By IRENE CHAPPLE
The advertising industry AXIS Awards have been revamped after last year's winners attracted controversy.
Competition categories have been broadened, a new client award introduced and charity and public services split for this year's awards.
Last year's judging criteria attracted flak after quirky small-scale advertising and charity campaigns dominated the stage.
Grumbling could be heard afterwards by those whose corporate branding campaigns were compared with advertising that used off-the-wall humour.
The dominance of charity advertising was also criticised, as it was seen as an easy creative run compared with campaigns that had to chug through layers of corporate analysis.
Colenso BBDO creative director Mike O'Sullivan, convener of the awards for the past two years, has handed the job to Saatchi & Saatchi creative director Andrew Tinning.
O'Sullivan simplified the categories to reflected the style of categories used in overseas awards such as D&AD and the ONE Show.
"There are two ways to set up an awards night," says O'Sullivan.
"One is by medium - so there is a category for 30-second television advertisements and anything from toiletries to toys goes into the same category."
That was adopted for last year's awards.
"The other way," says O'Sullivan, "is by the type of product ... so pharmaceuticals would get split from toys."
That was how AXIS used to be run, and is similar to how the Cannes advertising awards are judged.
However, the simpler way - of lumping dissimilar campaigns together under the medium they used - was seen as unfair to advertising such as ASB's Goldstein campaign, which took the People's Choice Award but missed out on other major awards.
"Goldstein was very good for banking but when you lump it with advertising for chips it doesn't actually judge the quality," says O'Sullivan. "It is fair that you judge the work in the context of the sort of category it is in."
And comparing LTSA work with Women's Refuge also came under criticism last year after they were lumped together in the public services category.

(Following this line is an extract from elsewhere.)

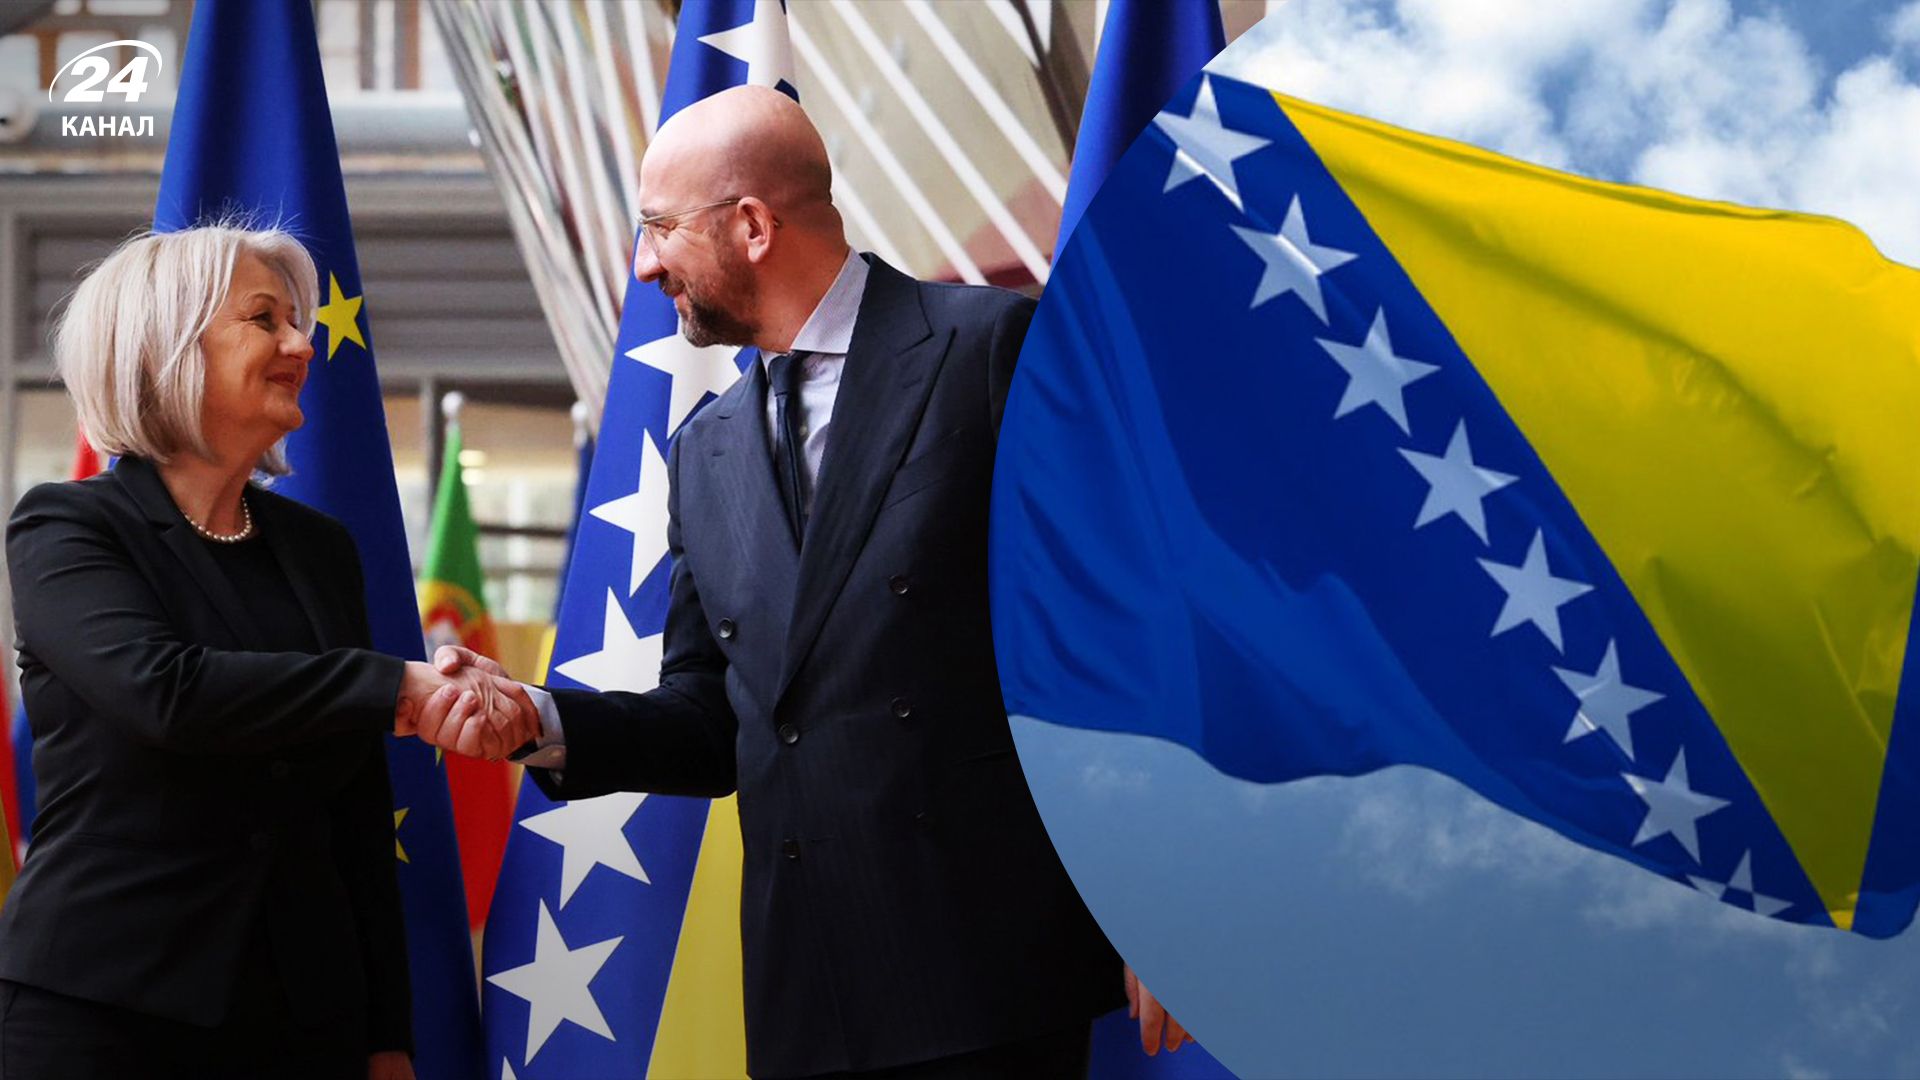 ЕС решил начать переговоры о вступлении с Боснией и Герцеговиной

"One is a big corporate client and the other is desperate for your help and the work will be done free ... they will be easier with the concept side and [the agencies] can do something really shocking," says O'Sullivan.
Charity and public service are now two categories, with splits also between paid and unpaid work.

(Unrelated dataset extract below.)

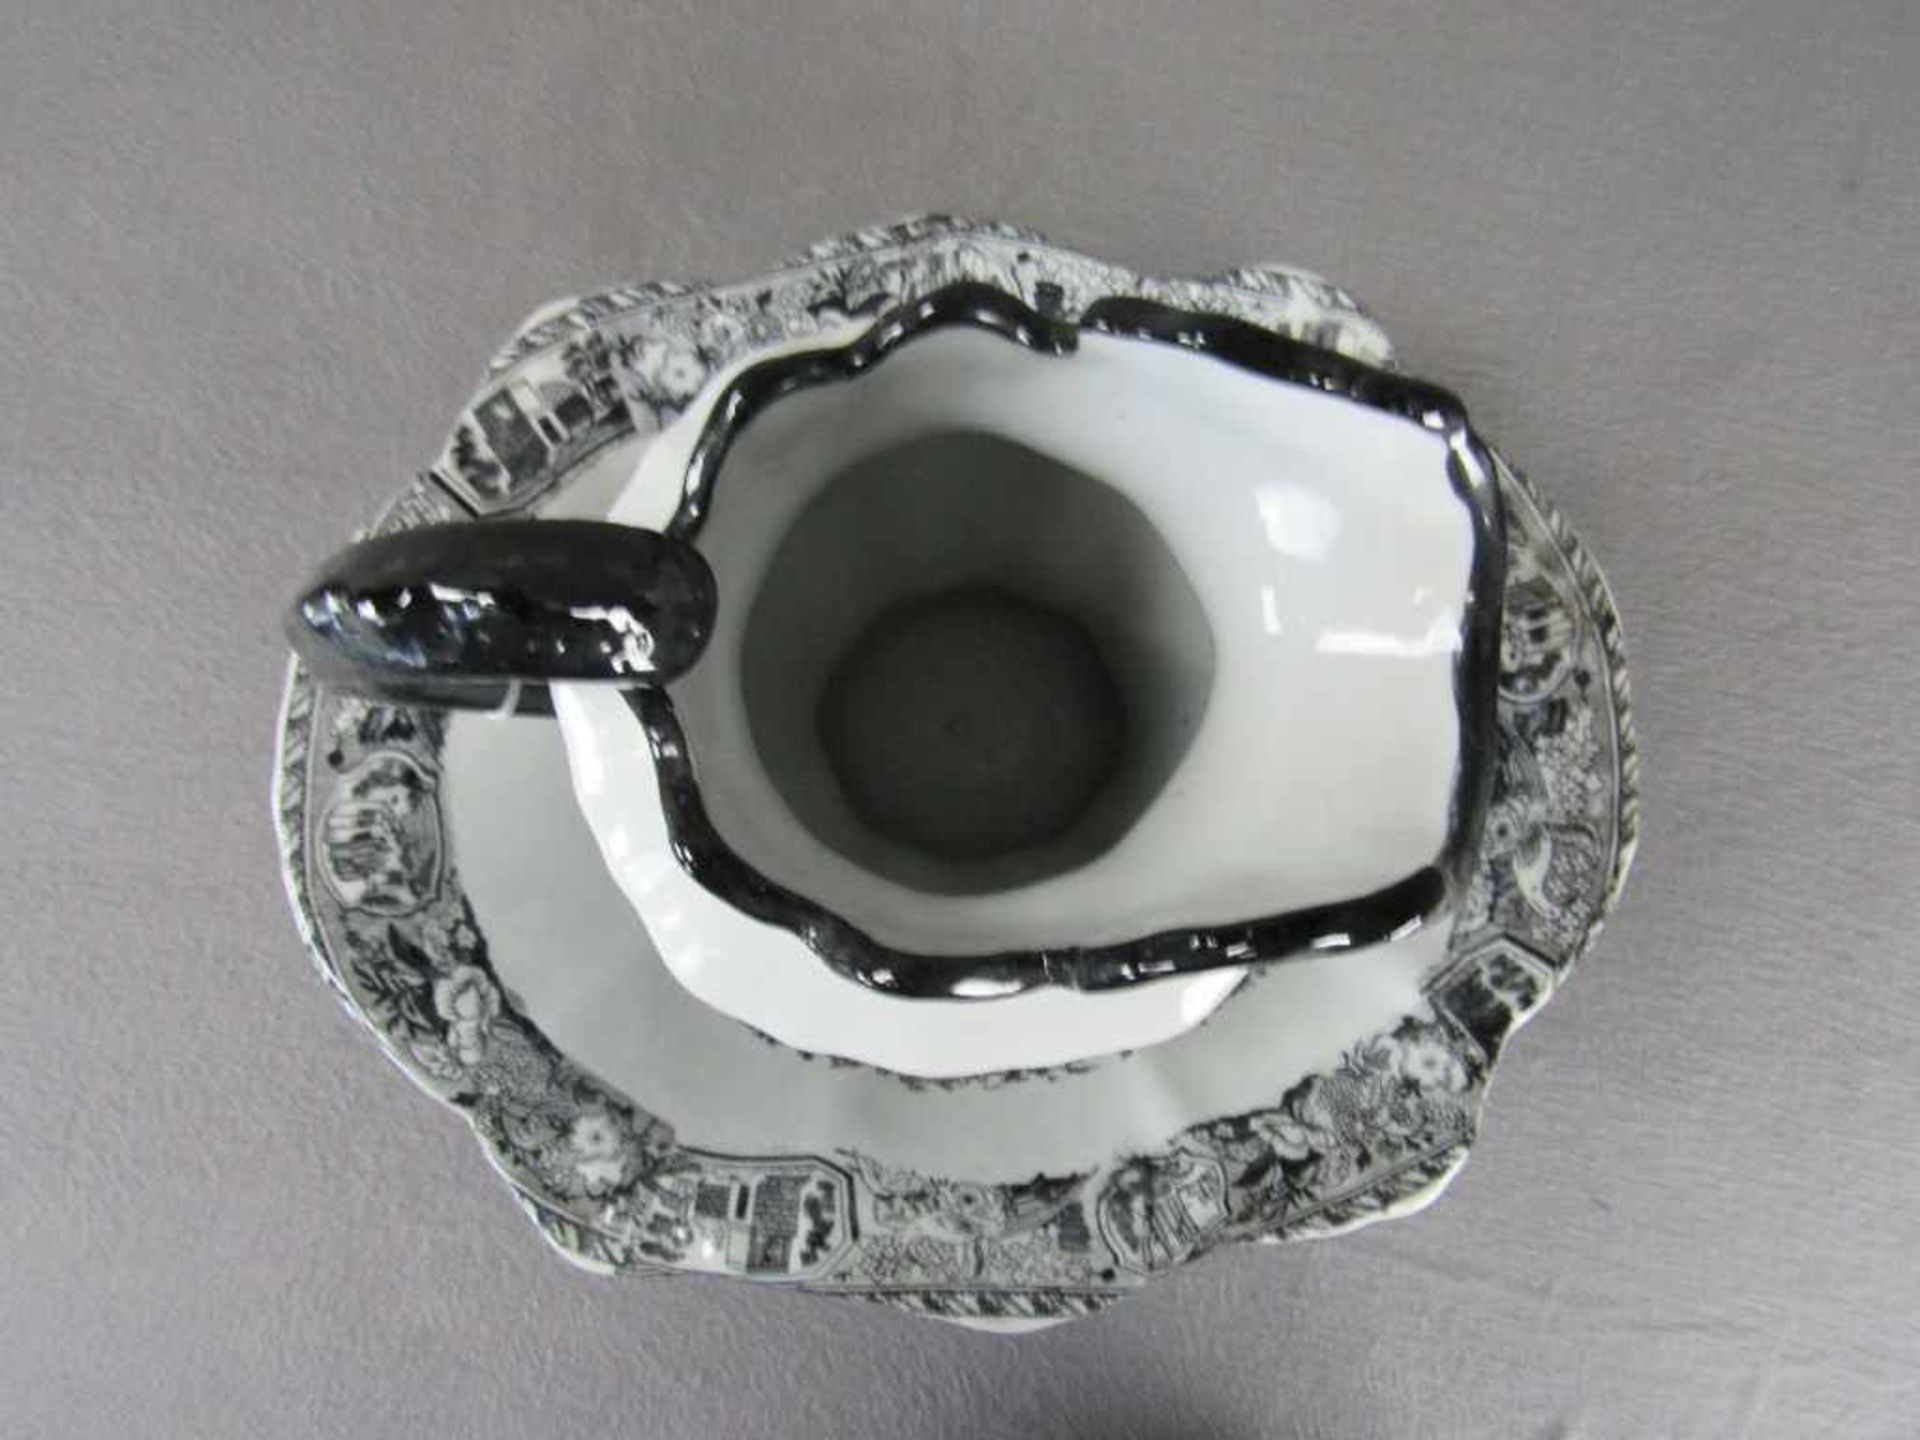 Englisches Waschset Schüssel und Henkelkrug Englische Szenerie ca.28cm hoch Keramik< - Image 5 of 5

Making categories simpler seemed a good idea at the time, says O'Sullivan, but feedback from the industry after the awards night led to the changes.
Tinning says the extended categories may mean a longer awards night, but the results will be more satisfactory.
"You don't want to get to the situation which we got to last year where a certain type of work was winning one after the other.
"You've got clients sitting there thinking 'we've spent all this money and something that cost $10,000 to shoot on a video camera is seen as the best advertising in New Zealand'."
The addition of an Advertiser of the Year award has ben welcomed.
Chuck McBride, from TBWA/Chiat Day in San Francisco, will chair the judging panel and the jury is expected to be announced within a few weeks.
"It will be nice going along to the industry awards and getting the feeling a wide range of work will be celebrated," says Tinning.
"I think these categories will do that."